Снова укладывался, и, дирижируя руками над грудью, зло приговаривал:
-  Сокровища – это много и сразу, потому что себя не обманешь и недостачу всегда будешь чувствовать.  Потому что когда  тратишь рубль, всегда глядишь на мандулу, которой десять цена! Когда за десять берешь – на ту, что в сотню котируется. Человеку всегда надо больше, чем есть!  И сокровища  – это   когда   любую вещь можешь взять за бабки из сундука! Купишь  вещь крутую - ты и человек! Вот что   счастье!
- Наоборот, счастье   когда  ничего не надо,  –  возражал Длинный и качал головой, -  Человек всегда человек.
И снова задумчиво тер карточным веером переносицу.  Потом  поднимал узкопосаженные, беспомощные глаза – и интересовался с затаенной надеждой -  неужели     все так запущено? Здесь, в теплосетях?  Он-то   видел пионерлагерь    - час работы, неделя пляжа. Аттракционы бесплатные.    Соцпакет и зарплата, небольшая, но по усилиям, и сабантуй каждый вечер в приятном кругу. Шик, блеск.  Житуха, словом. Не путаю ничего? 
Тут и Пашка восстал!  И заголосили они вместе с Бурым,  перебивая друг друга, друг за дружкой и хором! и уж доставалось работе за грязь, нищету, хамство клиентов и борзоту мастеров! За большое начальство, что быдло в них видит! За…. Словом - не было   места черней на планете!  Потому и  нет дураков за три копейки ишачить!
-  И все они здесь. – неудачно шутил приколист.
-  Ага,  умные   с отцами для виду брешутся,  а сами   капитал дожидаются! – зло выпаливал Бурый затаенную мысль, глядя на бетонные плиты под крышей.
Умолкали.
- Может быть – нет. Может быть – да,  на этом месте в небе должна быть звезда! – ухмылялся Длинный и сбрасывал ноги со стены, -  Сквознячок-то не чуете? Пассат, пассат… пойду.   
Быстро прощался, спускался к машине, тяжко стуча ступнями по лестнице.

Следующим утром король трусов появился в проклятой промзоне. И сразу засомневался, здесь ли искомое дно.  Да, со слов друзей, хуже ям ничего  придумать нельзя!  Но в глаза сразу бросился свежекрашенный автопарк строительной техники, зябнущий  под вафельно-бетонным периметром. На  воротах со  стеклянной дежуркой,   где  вращался стальной турникет, куковал типовой вечный жид в полушубке, попивающий чай  из медного прибора с  подстаканником.  На территории  было чисто, асфальт – подметен, техника заводилась и отъезжала, сгнивших рам от бывших грузовиков, в изобилии захламляющих территории недавно заглохших заводов -   не было видно.У крыльца управления блестела   Доска почета с допотопных времен – и не было на постной черно-белой шахматке с протокольными рожами ни одного разбитого фэйса.

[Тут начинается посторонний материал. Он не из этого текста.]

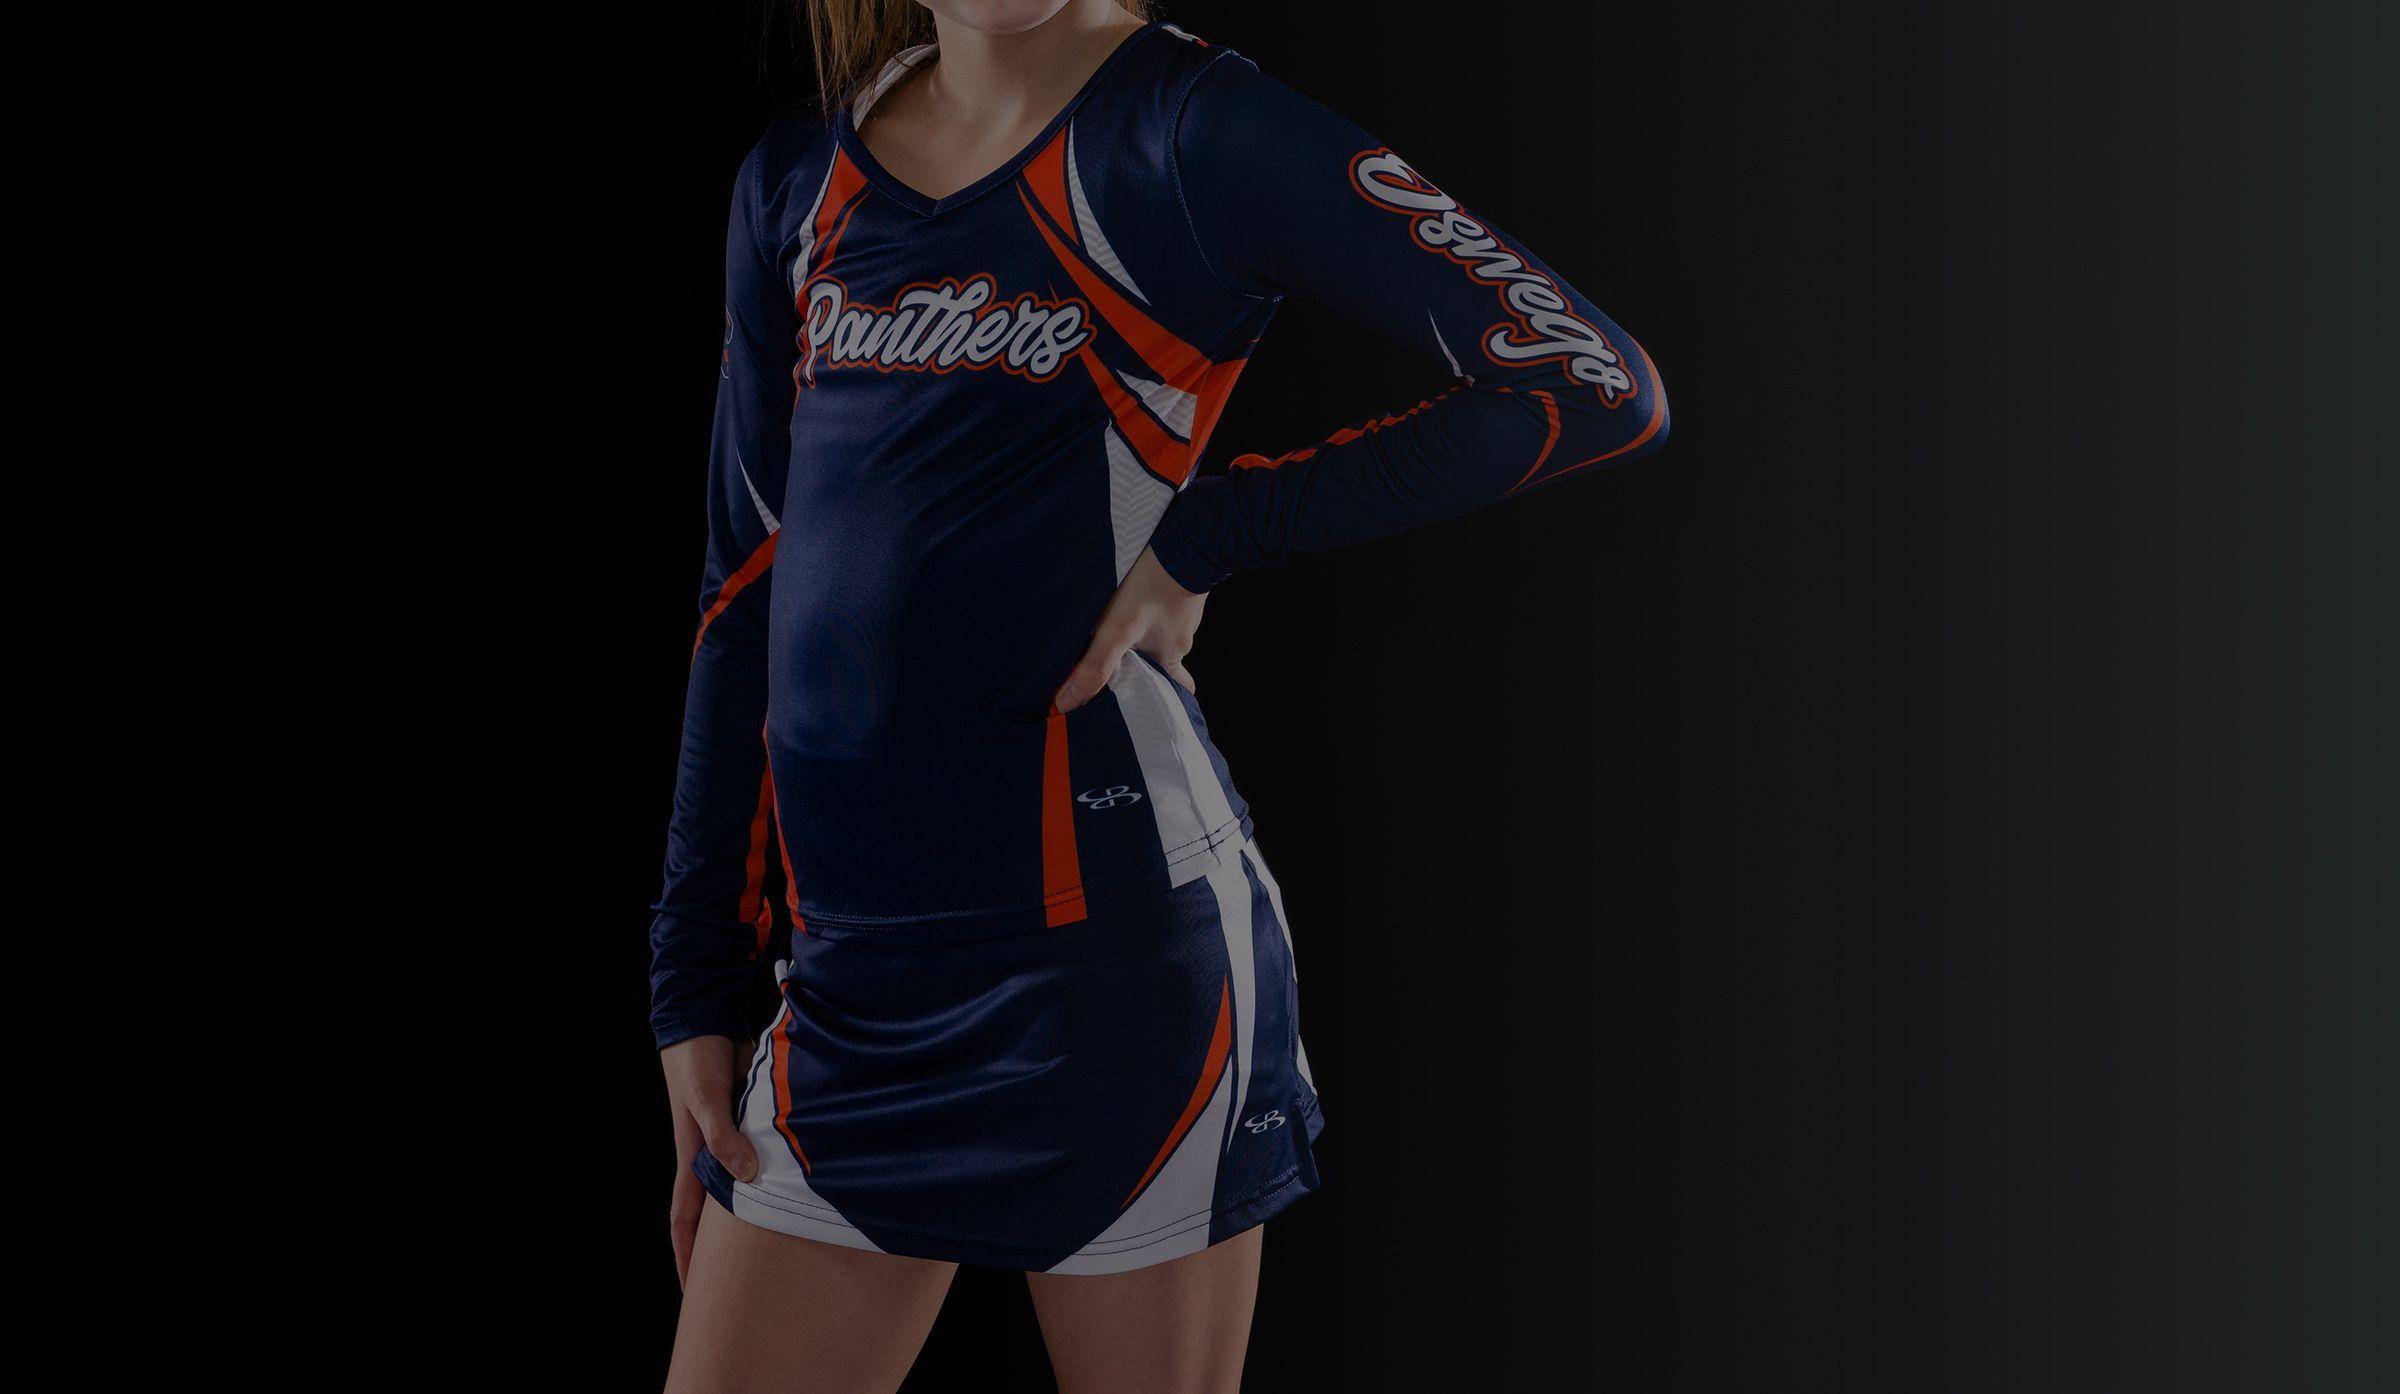 8f2a6a76318 Custom Uniforms   Jerseys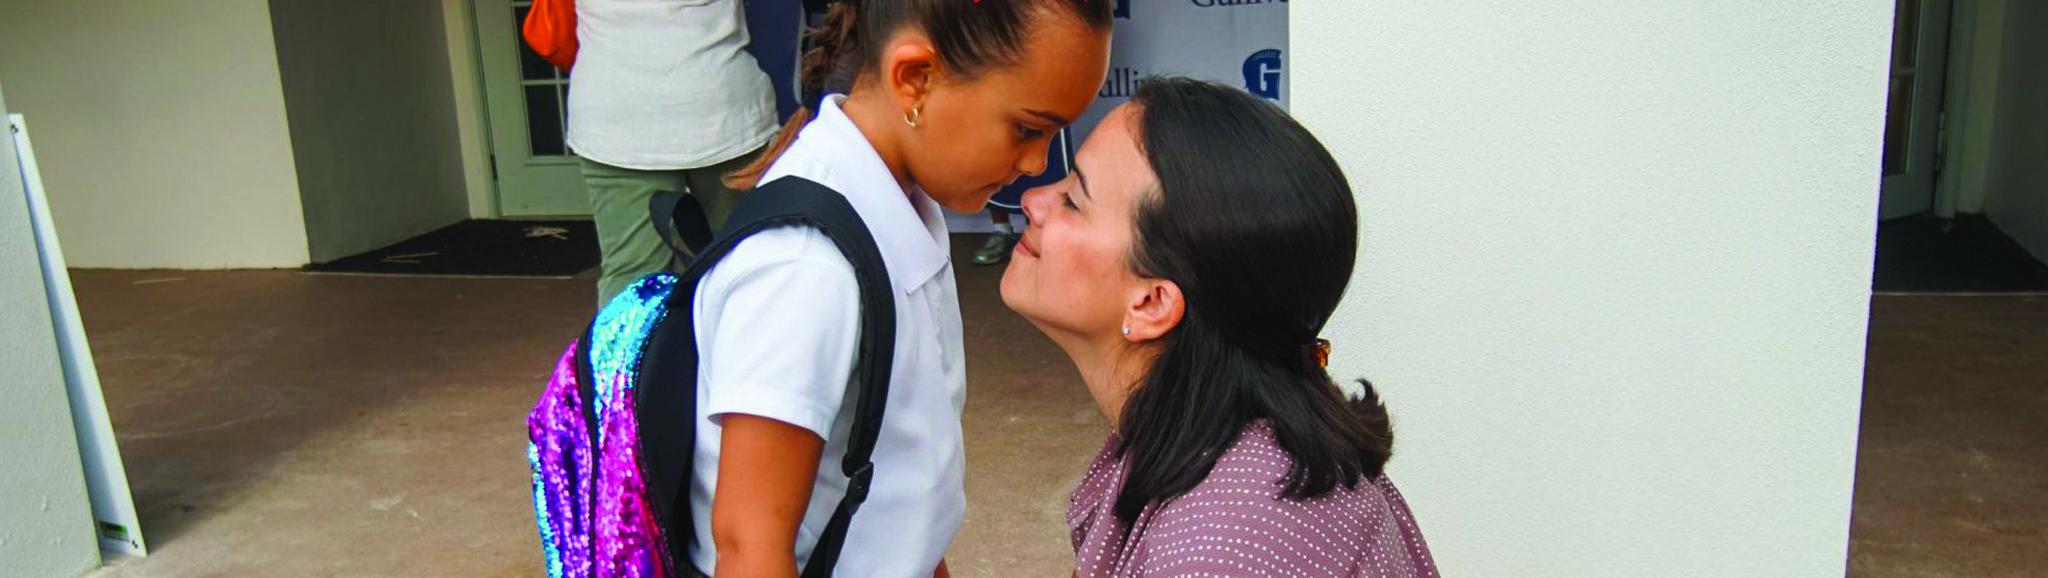 Mother daughter at school drop-off

А в  конторском улье сомнения дошли до предела.  Сквозной коридор по первому этажу  хотя был   и мрачен, но свеж и проветриваем. Там и сям мелькали электрочайники  - их носили гладкие тетки бухгалтерского вида с непропорционально большими задами. В напольных кадках зеленели невиданные шарообразные «тамаринды». Аккуратные дядьки в пиджаках,  с зачесанными  на пробор мокрыми волосами,   входили и выходили из кабинетов. Мастера участков неслышно перемещались по мягким коврам в начищенных туфлях и форменных синих комбезах. Даже знакомый по пашкиному тепловому мастер,  Леха Брыков, детина с пятиугольным лицом и мелкой русой косичкой на шее – был трезв,  на кивок не ответил, странно посмотрел и скрылся за солидной дверью дирекции, черным дерматином оббитой. Что-то не стыковалось с ложью и злом в этой нечаянно  подвернувшейся  преисподней.   Ад был сам на себя не похож.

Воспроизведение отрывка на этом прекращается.